Why Open Standards Matter
The real advantage of using OpenTelemetry rather than specialised AI observability platforms comes down to three key factors:
1. Unified observability - Your engineering teams already understand your existing observability stack. Adding specialised tools creates cognitive overhead and integration challenges.
2. Organisational efficiency - You've likely already invested in solutions like NewRelic, Dynatrace, or open-source alternatives. These platforms support OpenTelemetry out of the box.
3. Future-proofing - As AI capabilities evolve, open standards provide flexibility to adapt without vendor lock-in.
OpenLLMetry: Bridging Specialised Tools with Open Standards
Even specialised AI observability tools are embracing open standards. Tools like Traceloop, designed specifically for LLM observability, support exporting traces to standard backends like Jaeger, NewRelic and Dynatrace. The same goes for LangSmith, OpenLIT, and others.
To demonstrate, I deployed the sample RAG application provided by LLamaIndex locally and configured Traceloop to export traces to my local Jaeger instance:
The trace shows a query engine workflow with clear visibility into:
The LLM task execution (what prompt was sent)
The OpenAI API call details
The exact content being processed (a personal essay about writing and programming)
System instructions and context management
What makes this compelling is that all this detail comes from standard OpenTelemetry instrumentation.
The full RAG Pipeline
When we look at the full trace view from this LlamaIndex agent system, we can see the complete workflow:
This visualisation shows:
The hierarchical structure of the BaseQueryEngine workflow
Vector retrieval and embedding operations
Text splitting and tokenization processes
The final LLM task execution
Each component of this pipeline is visible and measurable, just as you’d expect from any well-instrumented distributed system. The relationships between components are clear, and you can drill down into any specific operation to understand its performance characteristics and behaviour.
With OpenTelemetry, you retain optionality and simplify your tooling landscape.
This is great because it means you can use purpose-built instrumentation libraries while still integrating with your existing observability infrastructure. The OpenLLMetry initiative (Traceloop's open-source instrumentation library) follows OpenTelemetry conventions, making it compatible with standard observability backends.
In practice, this means that you:
Can use LLM-aware instrumentation libraries
Export the data to your existing observability platforms
Maintain a unified view of your entire system’s performance
A note on model evals
Specialised LLM observability tools (e.g.: Traceloop, Langsmith) also offer LLM evaluation metrics such as latency, relevance, toxicity and more. You should absolutely be monitoring these in production.
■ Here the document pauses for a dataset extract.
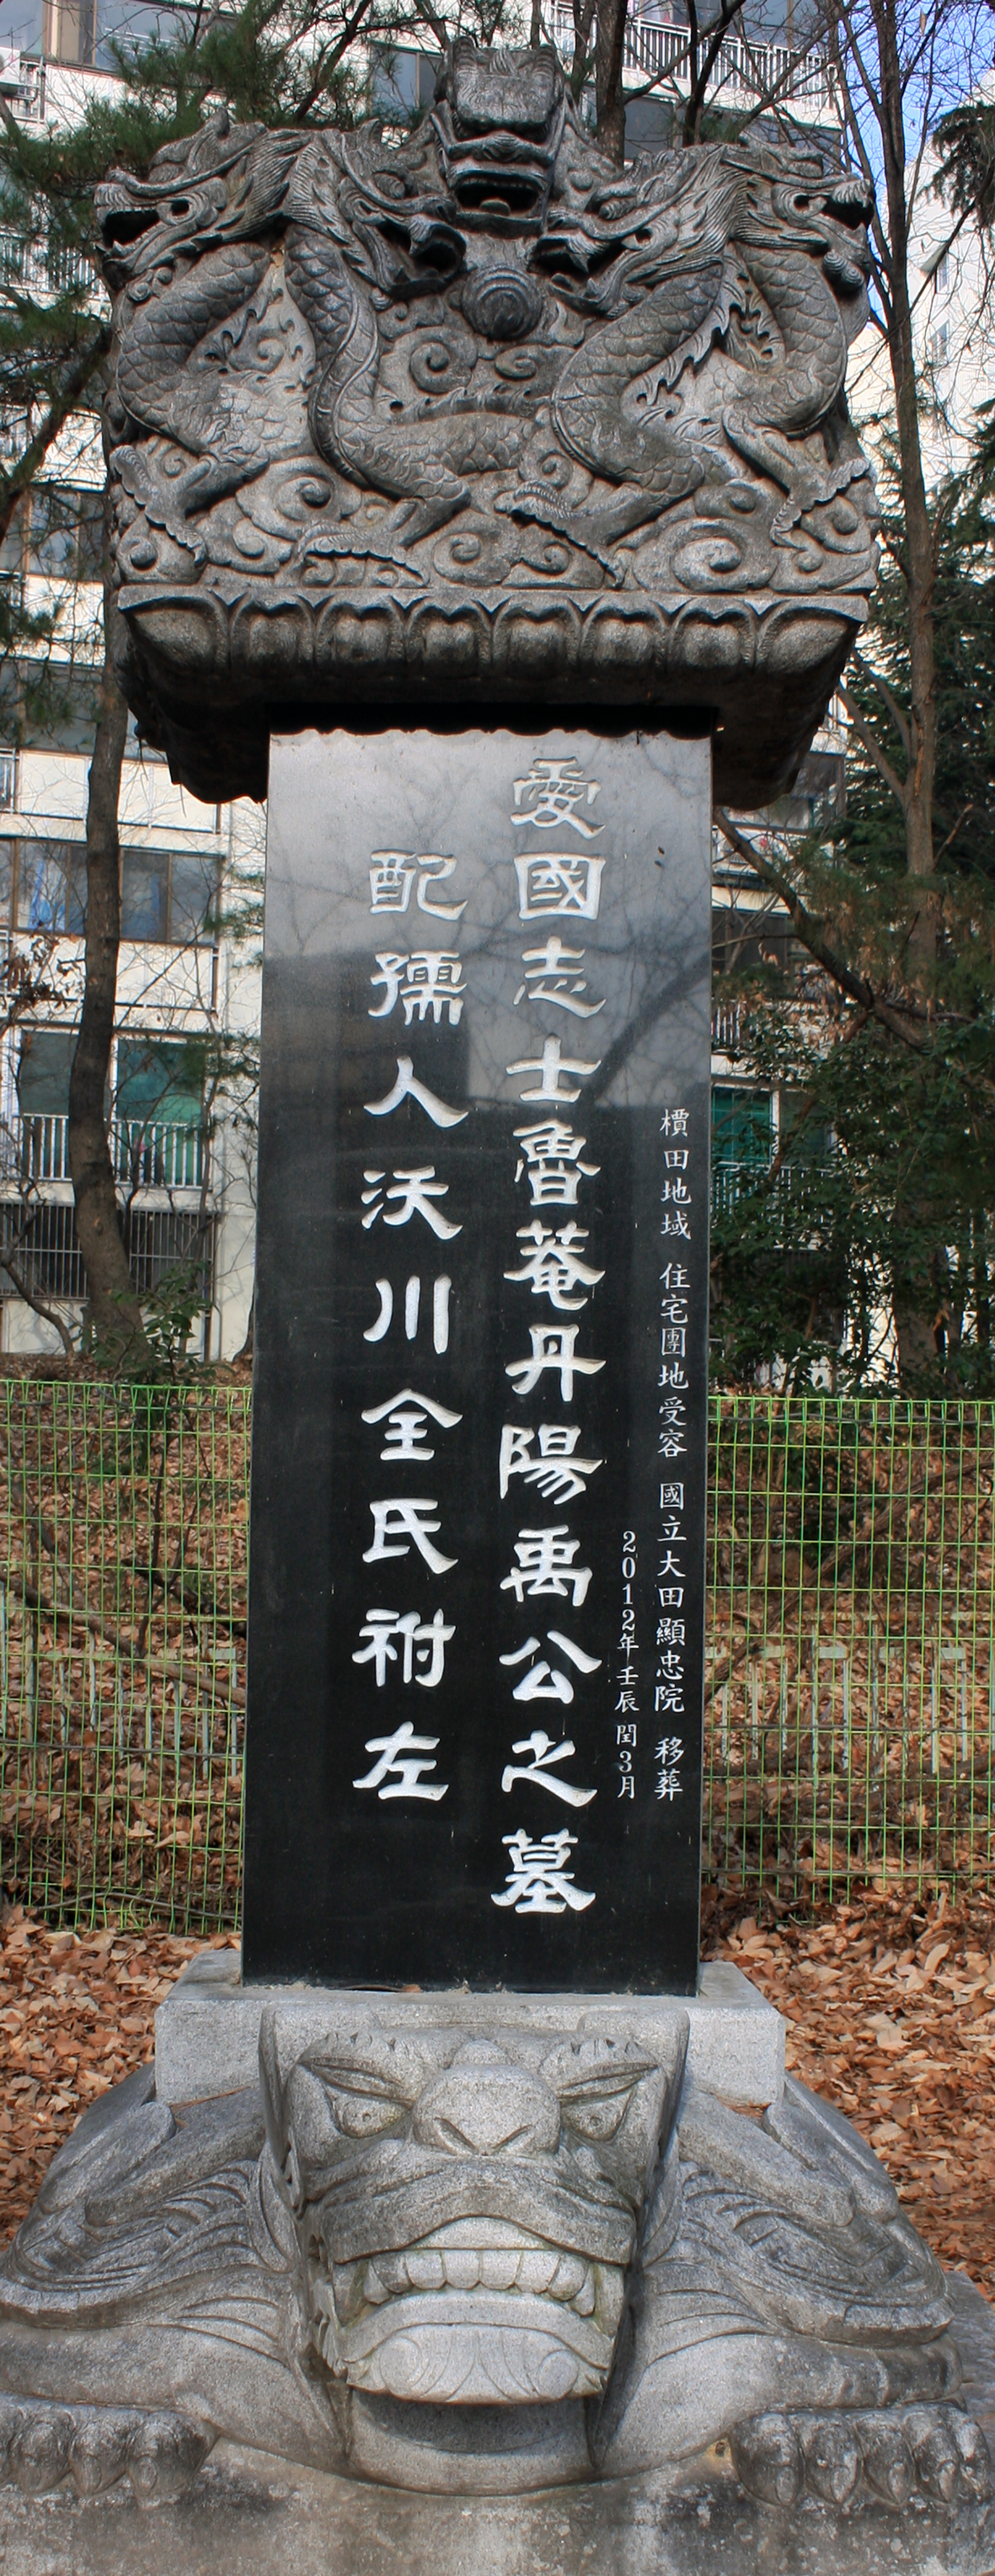 우하교 묘비

However, this capability doesn’t need to be coupled to your observability platform. For instance, if your organisation comes from an ML Engineering background, you might already have MLFlow or Weights & Biases available to track experiments. Both offer a way of evaluating LLM metrics. With OpenTelemetry, you retain optionality and simplify your tooling landscape.
Conclusion
The next time a vendor tries to sell you on specialised AI observability tooling, ask yourself: “What capability does this provide that my existing infrastructure doesn’t?” The fundamentals of good observability haven’t really changed.
By leveraging open standards like OpenTelemetry, you can gain deep visibility into your AI systems without unnecessary tool proliferation. Your existing investments in platforms like NewRelic or Dynatrace are more than capable of handling this new paradigm. All you need is the right instrumentation approach.